Rather go for Efest or Sony.


----------



## DoubleD (31/10/14)

I hear you buddy and totally agree but I have these laying around and was wondering what kind of discharge rate they had, might be useful and its 'free'


----------



## DoubleD (31/10/14)

Okay after some more searching I came across this - http://www.206xs.com/topics/battery/iontd2e.pdf

From what I can make out its 1630mAH, 20C cells....

Can these batteries be used in a regulated device without blowing a hole in my leg?


----------



## johan (31/10/14)

DoubleD said:


> I hear you buddy and totally agree but I have these laying around and was wondering what kind of discharge rate they had, might be useful and its 'free'



I tried various sites


DoubleD said:


> Okay after some more searching I came across this - http://www.206xs.com/topics/battery/iontd2e.pdf
> 
> From what I can make out its 1630mAH, 20C cells....
> 
> Can these batteries be used in a regulated device without blowing a hole in my leg?



I tried all the sites I know regarding battery specs and none show the GR1860HM at all - you can't use the data of the pdf you quoted, not the same chemistry or battery - rather be safe and test the battery with different resistances until you feel it warms up (not getting hot) and stick to that resistance as minimum.

Reactions: Informative 1


----------



## DoubleD (31/10/14)

@johan thank you for the advice, so in other words a regulated mod would run these batteries fine but if Im using them in a mech mod I should test with resistances as you have suggested?

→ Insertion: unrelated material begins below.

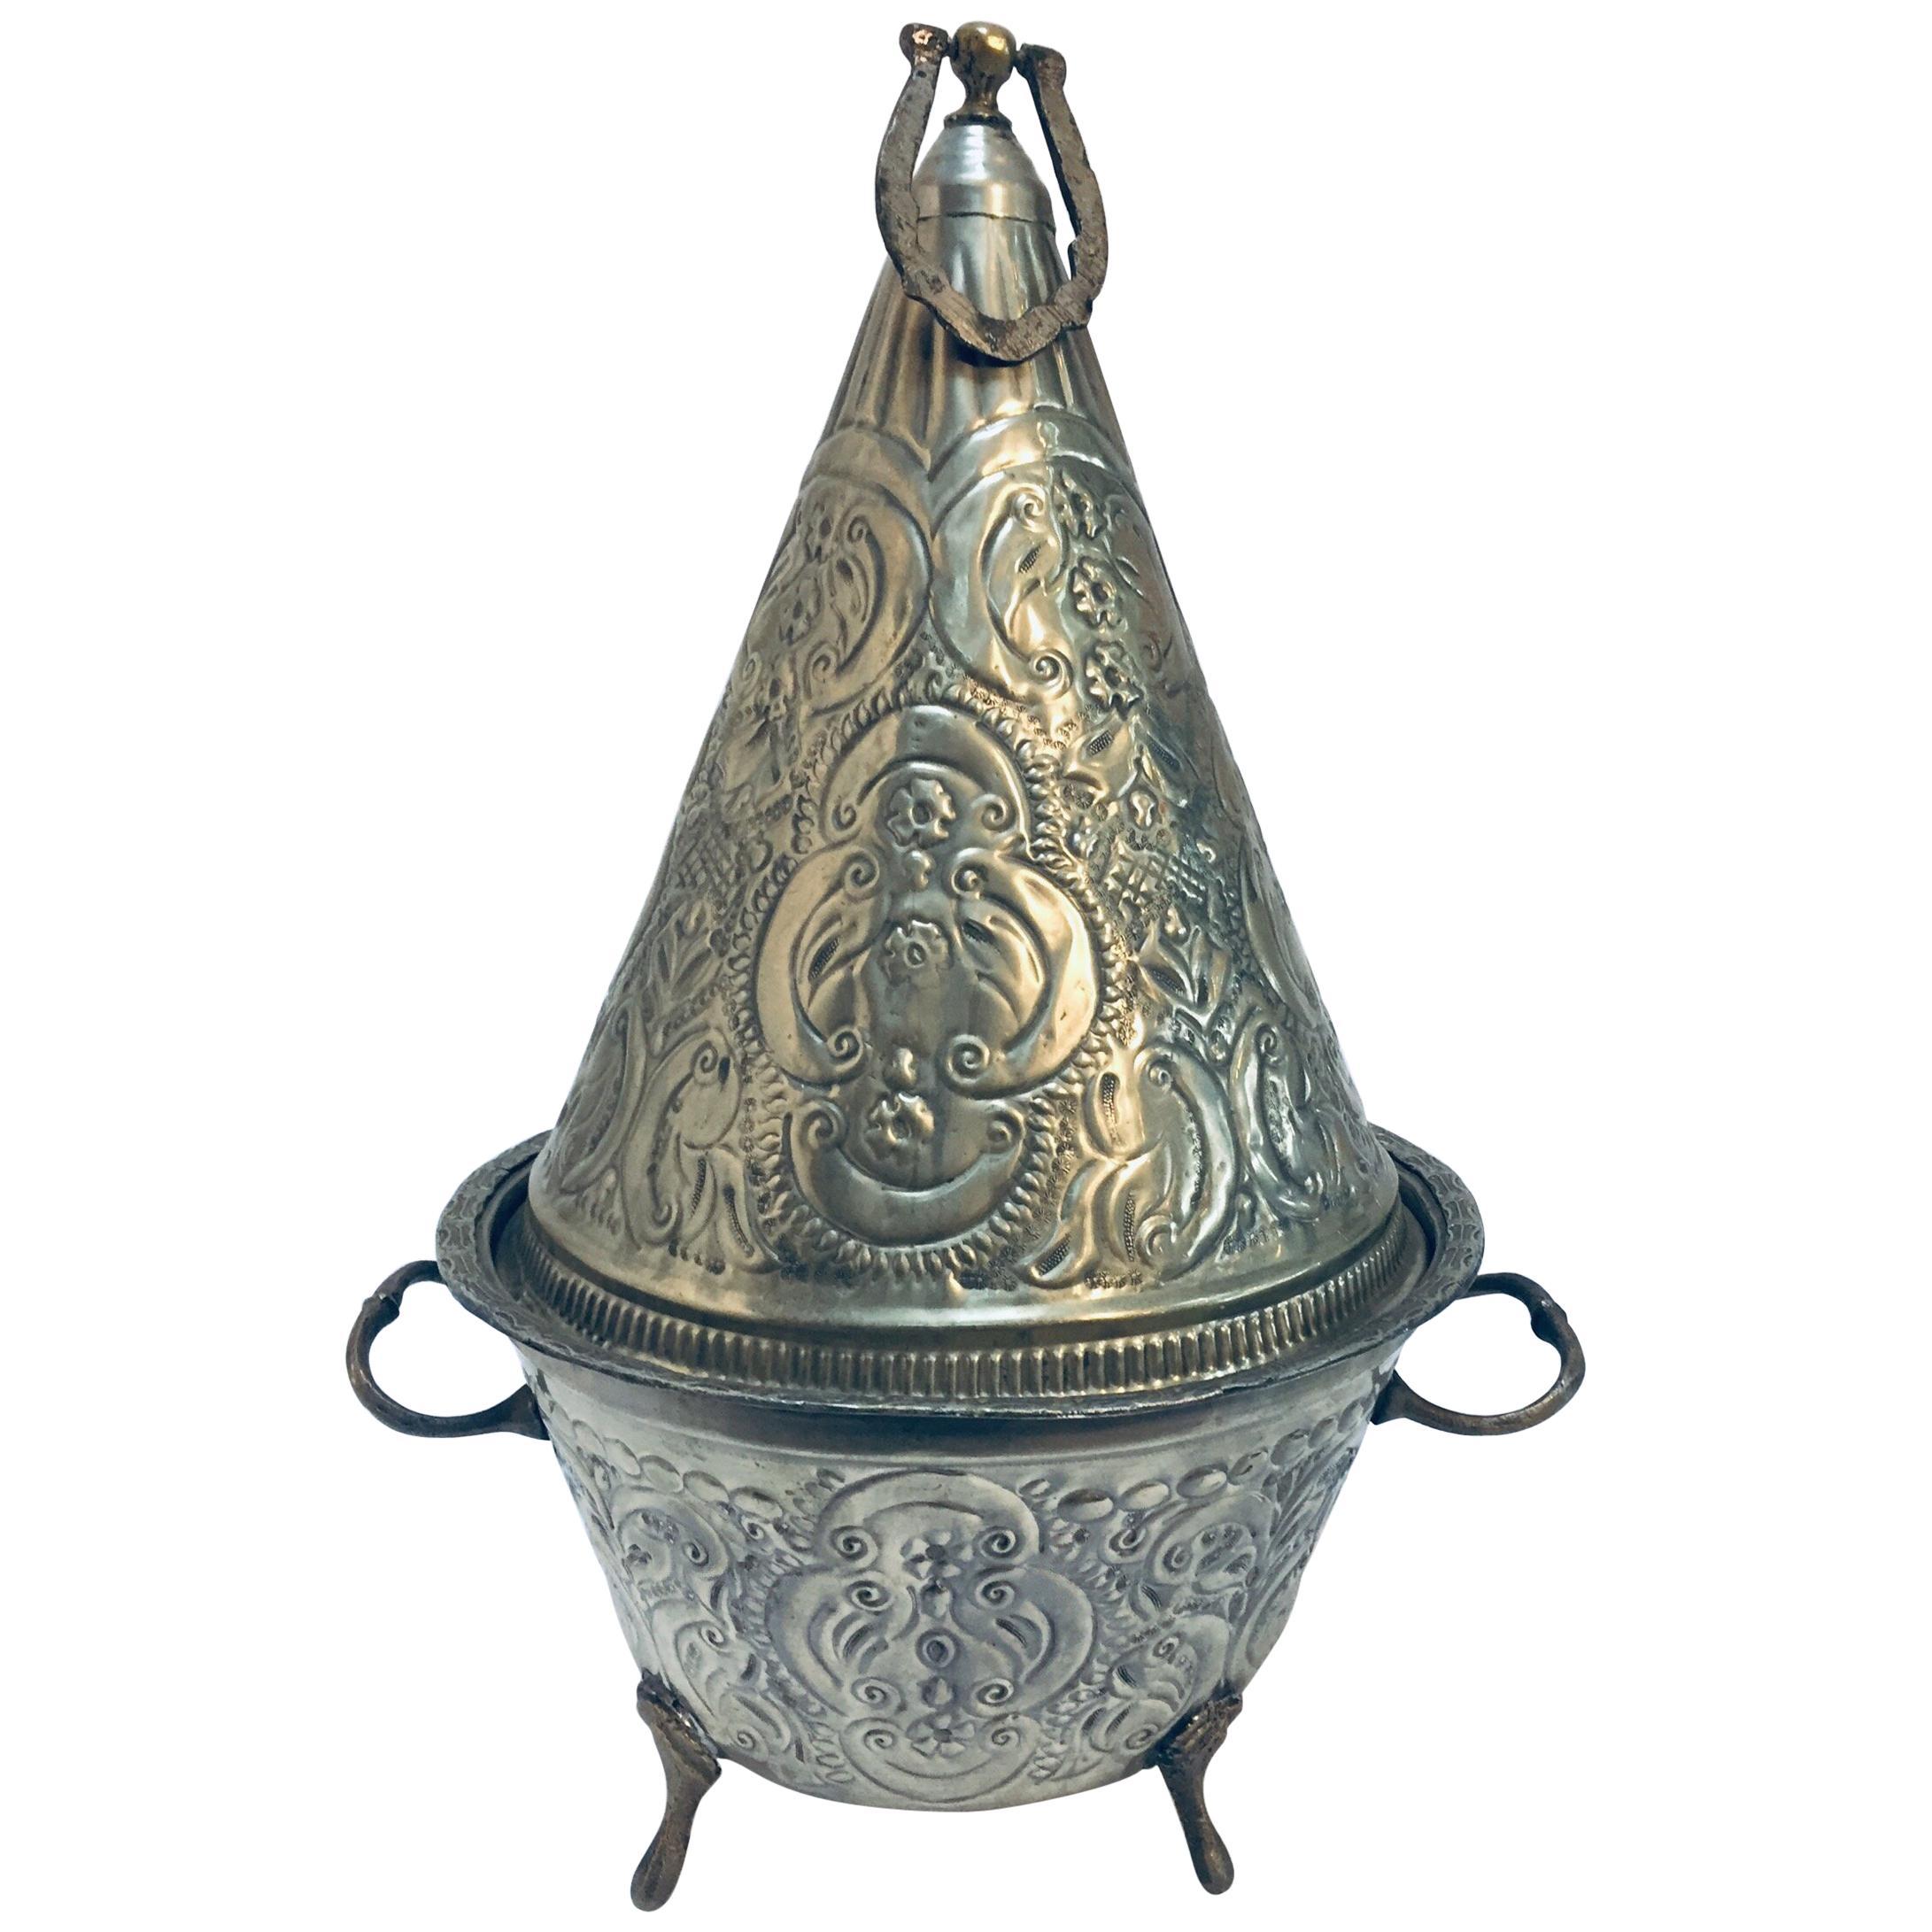 Moorish Silver Repousse Serving Dish Tajine with Cover

These batteries came out of a battery pack if Im not mistaken, so would I be correct in assuming they are protected?


----------



## johan (31/10/14)

DoubleD said:


> @johan thank you for the advice, so in other words a regulated mod would run these batteries fine but if Im using them in a mech mod I should test with resistances as you have suggested?
> 
> These batteries came out of a battery pack if Im not mistaken, so would I be correct in assuming they are protected?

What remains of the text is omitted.